Embodiments of the invention relate to the field of position determination, in particular a position sensor for the determination of the state of deflection of a movably arranged mechanical component.
According to conventional technology, different categories of position sensors for determining the deflection state of a mechanical component are known. Discretely assembled optical or electric/magnetic sensors, but also integrated sensors are known.
Incremental encoders are part of the category of discretely assembled optical or electric/magnetic position sensors. The same are used both for translationally and also for rotationally movably arranged mechanical components. The functioning of incremental encoders is based on an exact scanning of optical or magnetic scales. Depending on the assembly and implementation, position sensors based on incremental encoders are able to determine the position or the deflection state of a mechanical component very accurately, however they need a comparatively large design space. For this reason, incremental encoders are mainly used in macroscopic devices, like, e.g., in turntables and positioning tables. For use in miniaturized systems, in particular for use in endoscopic applications, position sensors based on incremental encoders are not suitable, however.
For small mechanical components, like, e.g., for microscanner mirrors, further discretely assembled optical devices are known, so-called free beam arrangements. In a free beam arrangement, the measurement of the deflection state of a movably arranged mechanical component is generally executed with the help of a laser beam. The laser beam is directed at the mechanical component and reflected or deflected by the mechanical component, depending on the current deflection of the component, in different directions. For determining the position of the deflection state of the mechanical component, the laser beam reflected by the component is detected by photodetectors positioned in a suitable way. A disadvantage of the free beam arrangements is the needed large building space. Laser diodes and photodiodes as well as further optical components needed for beam shaping have to be arranged directly around the mechanical component. Further, in free beam arrangements trigger diodes are partially used as detectors. Trigger diodes only enable the execution of time-discrete measurements, using which no statistical deflections of the mechanical component can be determined. For the above-mentioned reasons, position sensors based on free beam arrangements are not suitable for being used in miniaturized systems, in particular for use in endoscopic applications.
A further category of position sensors includes integrated sensors for determining the deflection state of a movably arranged mechanical component. Capacitive position sensors contain capacitive structures suitably integrated into the component or connected to the component. A change of the deflection state of the mechanical component causes a measurable change in the electric capacity. Capacitive position sensors are, however, relatively inaccurate. Further, in micromechanics many components, like, e.g., microscanner mirrors, are driven electrostatically, so that it is difficult to separate the relatively high drive voltages sufficiently from the measurement signals. A sufficiently accurate determination of the position or the deflection state of a movably arranged mechanical component is not possible with capacitive position sensors.

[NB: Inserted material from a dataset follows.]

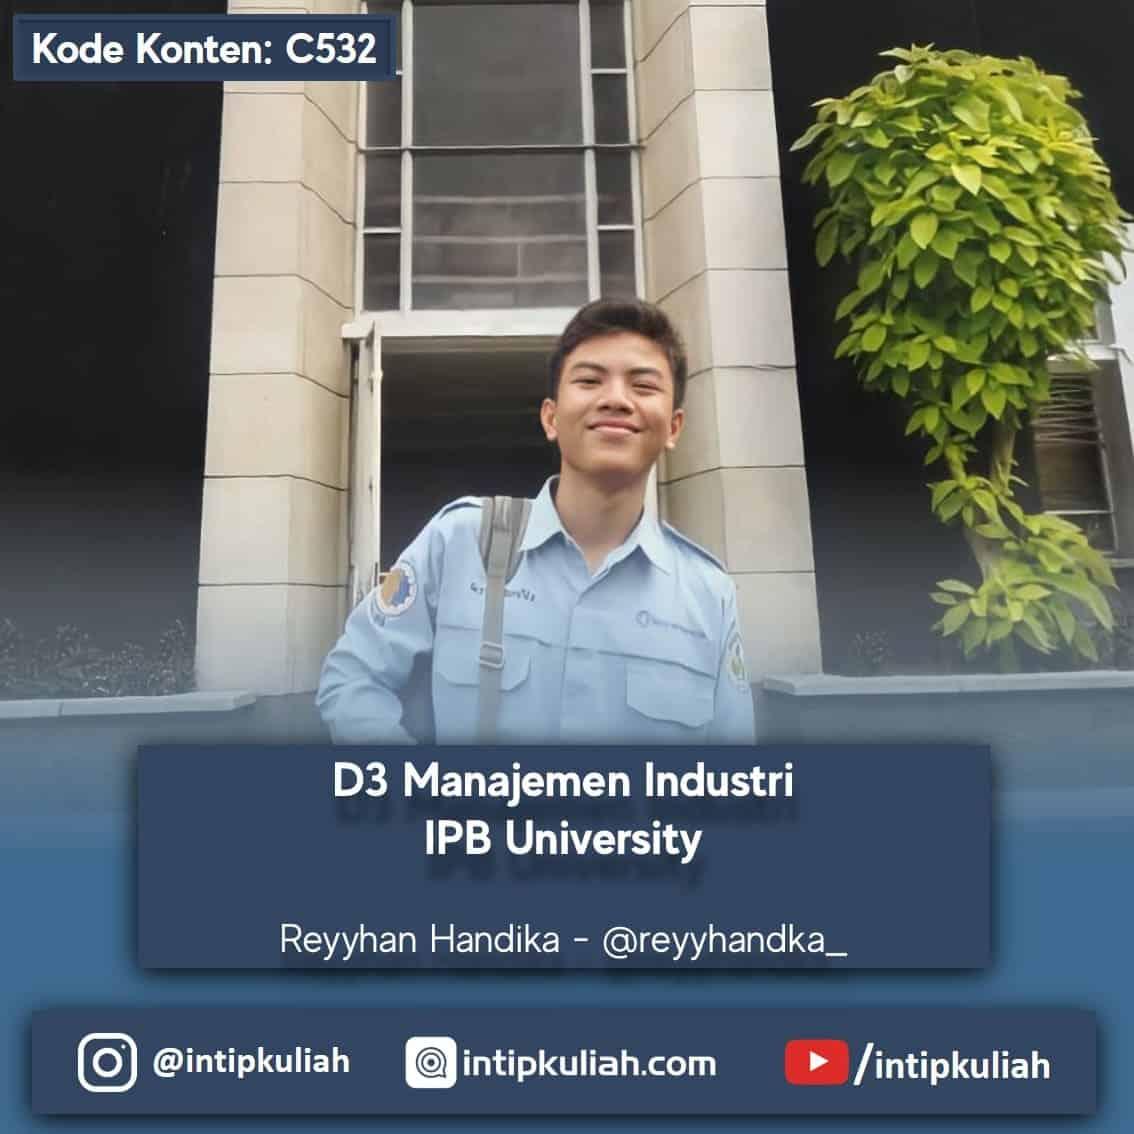 D3 Manajemen Industri IPB (Reyhan)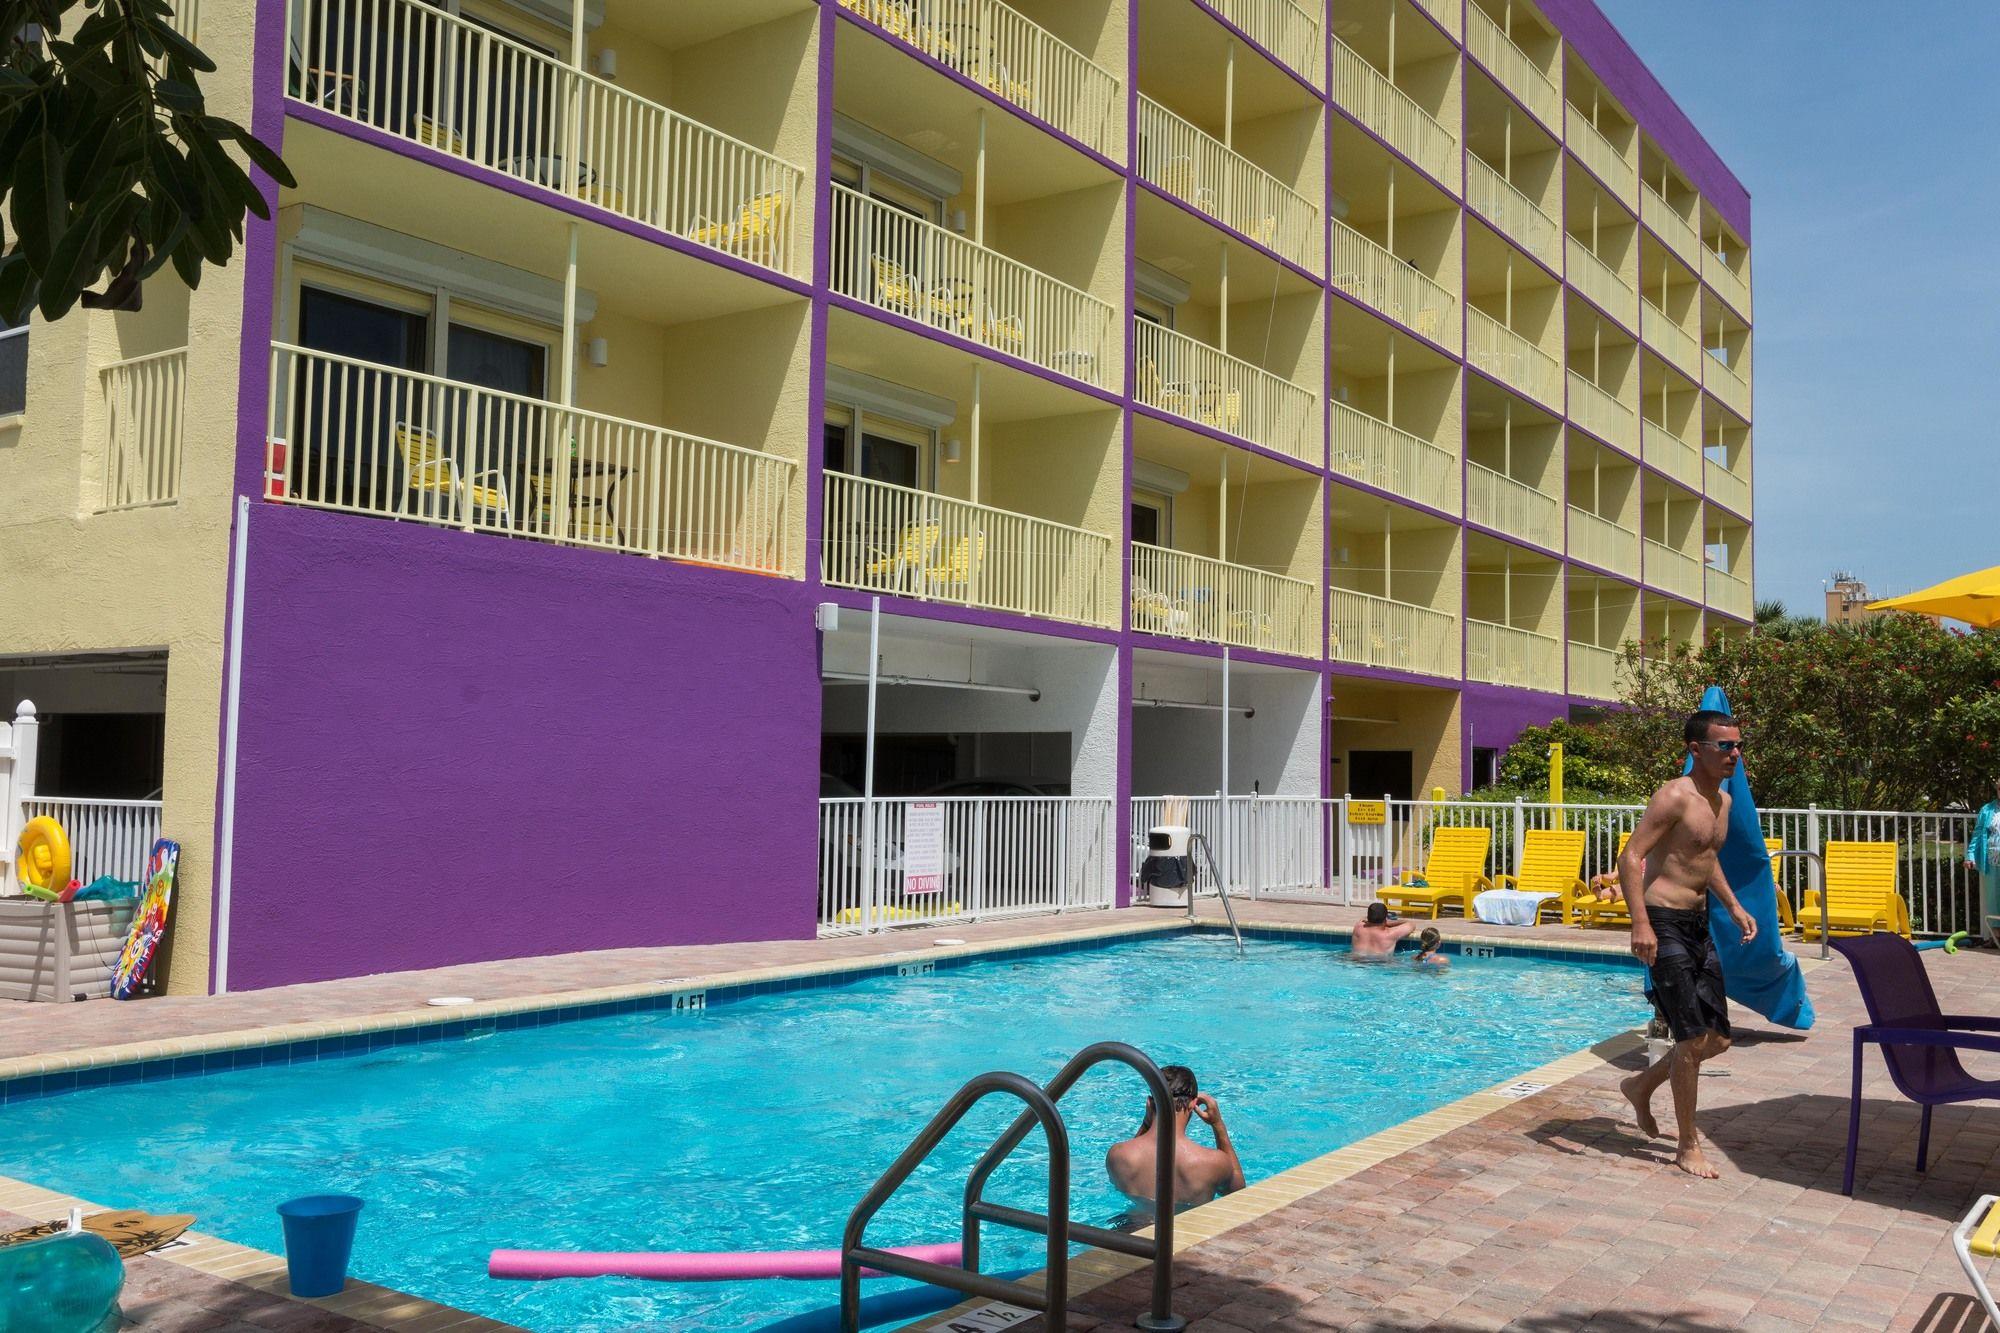 South Beach Condo Hotel

Further, in microsystem technology, piezoresistive methods are known for determining the deflection state of a movably arranged mechanical component. For this method, however, there is also the problem of sufficiently separating the relatively high drive voltages from the measurement signals. The overlaying of the drive voltage with the measurement signals may be disadvantageous for the measurement resolution and thus for the determination of the position or the deflection state of the mechanical component.
Further, integrated capacitive and piezoresistive sensors need electronic circuits in the direct vicinity of the mechanical component for amplifying the measurement signals, as the unamplified measurement signals may not be transmitted over distances of any length. For this reason, position sensors based on integrated capacitive and piezoresistive sensors are not suitable for use in endoscopes which need small lateral dimensions and relatively long transmission distances of the measurement signals.